Sweet-Heart — An integrated suite of enabling computational tools for automated MS2/MS3 sequencing and identification of glycopeptides

Abstract

High efficiency identification of intact glycopeptides from a shotgun glycoproteomic LC-MS(2) dataset remains problematic. The prevalent mode of identifying the de-N-glycosylated peptides is littered with false positives and addresses only the issue of site occupancy. Here, we present Sweet-Heart, a computational tool set developed to tackle the heart of the problems in MS(2) sequencing of glycopeptide. It accepts low resolution and low accuracy ion trap MS(2) data, filters for glycopeptides, couples knowledge-based de novo interpretation of glycosylation-dependent fragmentation pattern with protein database search, and uses machine-learning algorithm to score the computed glyco and peptide combinations. Higher ranking candidates are then compiled into a list of MS(2)/MS(3) entries to drive subsequent rounds of targeted MS(3) sequencing of putative peptide backbone, allowing its validation by database search in a fully automated fashion.

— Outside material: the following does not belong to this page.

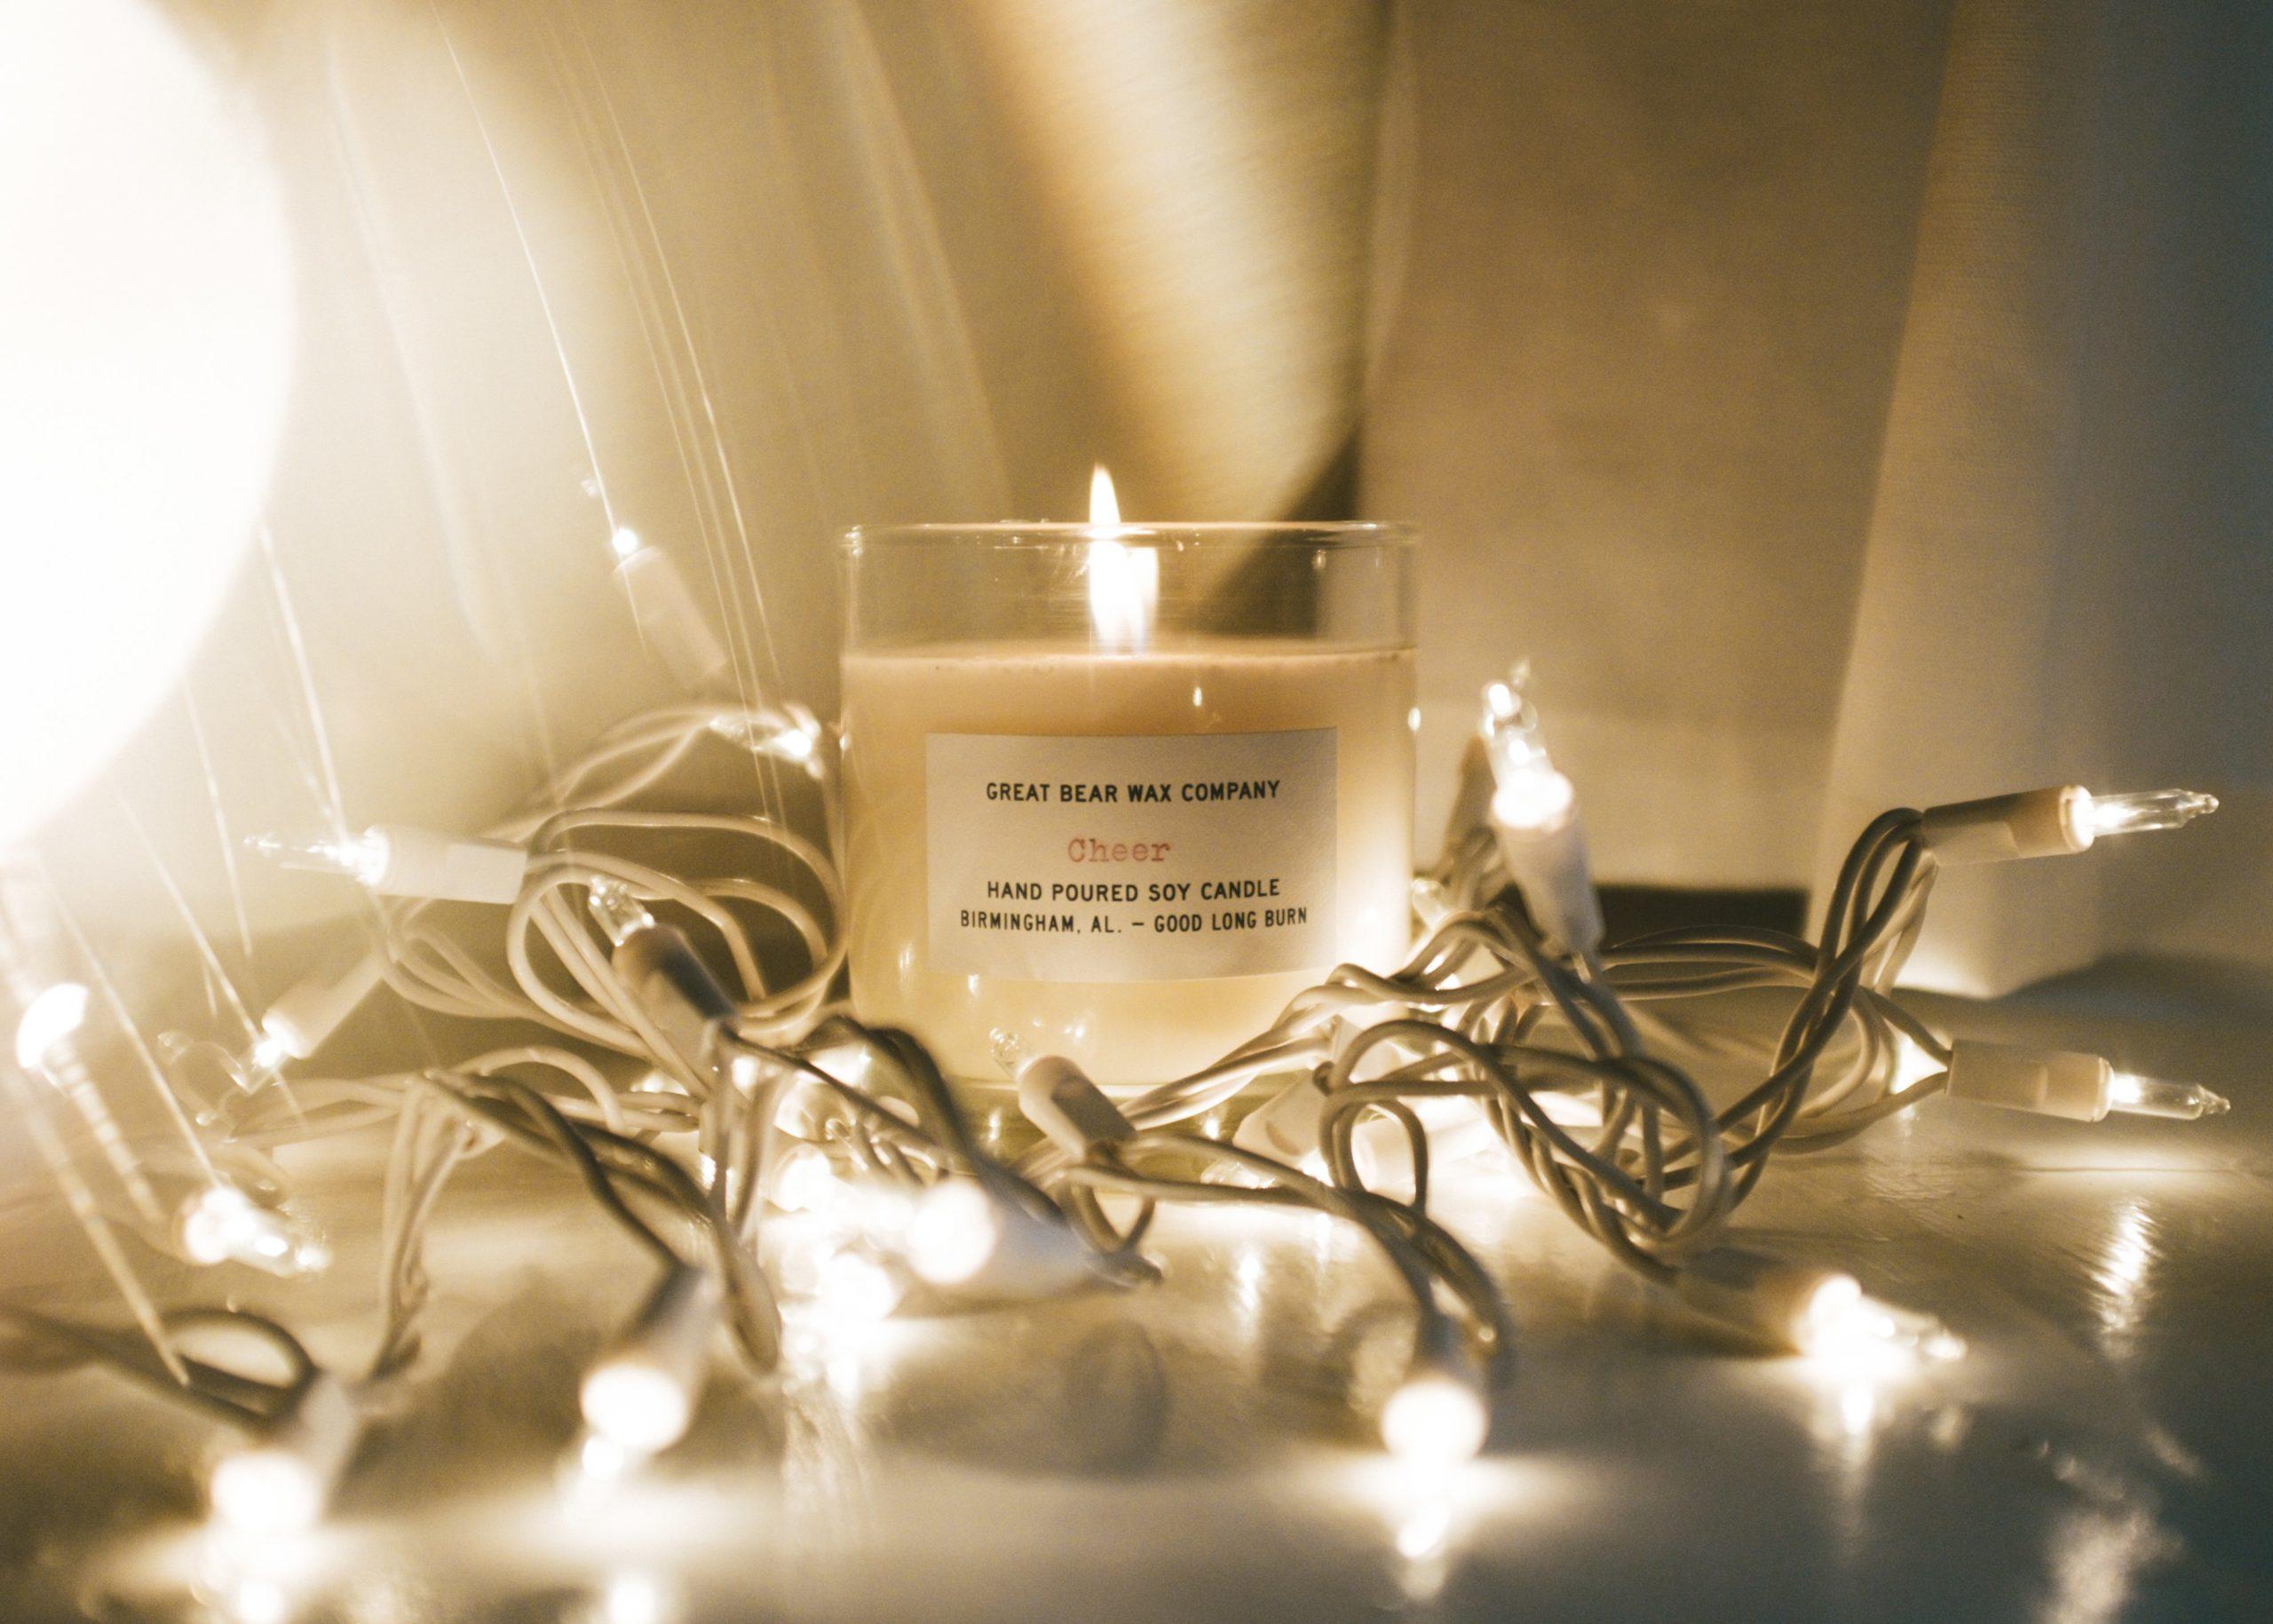 alabama-made candle

With additional fishing out of all related glycoforms and final data integration, the platform proves to be sufficiently sensitive and selective, conducive to novel glycosylation discovery, and robust enough to discriminate, among others, N-glycolyl neuraminic acid/fucose from N-acetyl neuraminic acid/hexose. A critical appraisal of its computing performance shows that Sweet-Heart allows high sensitivity comprehensive mapping of site-specific glycosylation for isolated glycoproteins and facilitates analysis of glycoproteomic data. The biological relevance of protein site-specific glycosylation cannot be meaningfully addressed without first defining its pattern by direct analysis of glycopeptides. Sweet-Heart is a novel suite of computational tools allowing for automated analysis of mass spectrometry-based glycopeptide sequencing data. It is developed to accept ion trap MS2/MS3 data and uses a machine learning algorithm to score and rank the candidate peptide core and glycosyl substituent combinations. By eliminating the need for manual, labor-intensive, and subjective data interpretation, it facilitates high throughput shotgun glycoproteomic data analysis and is conducive to identification of unanticipated glycosylation, as demonstrated here with a recombinant EGFR.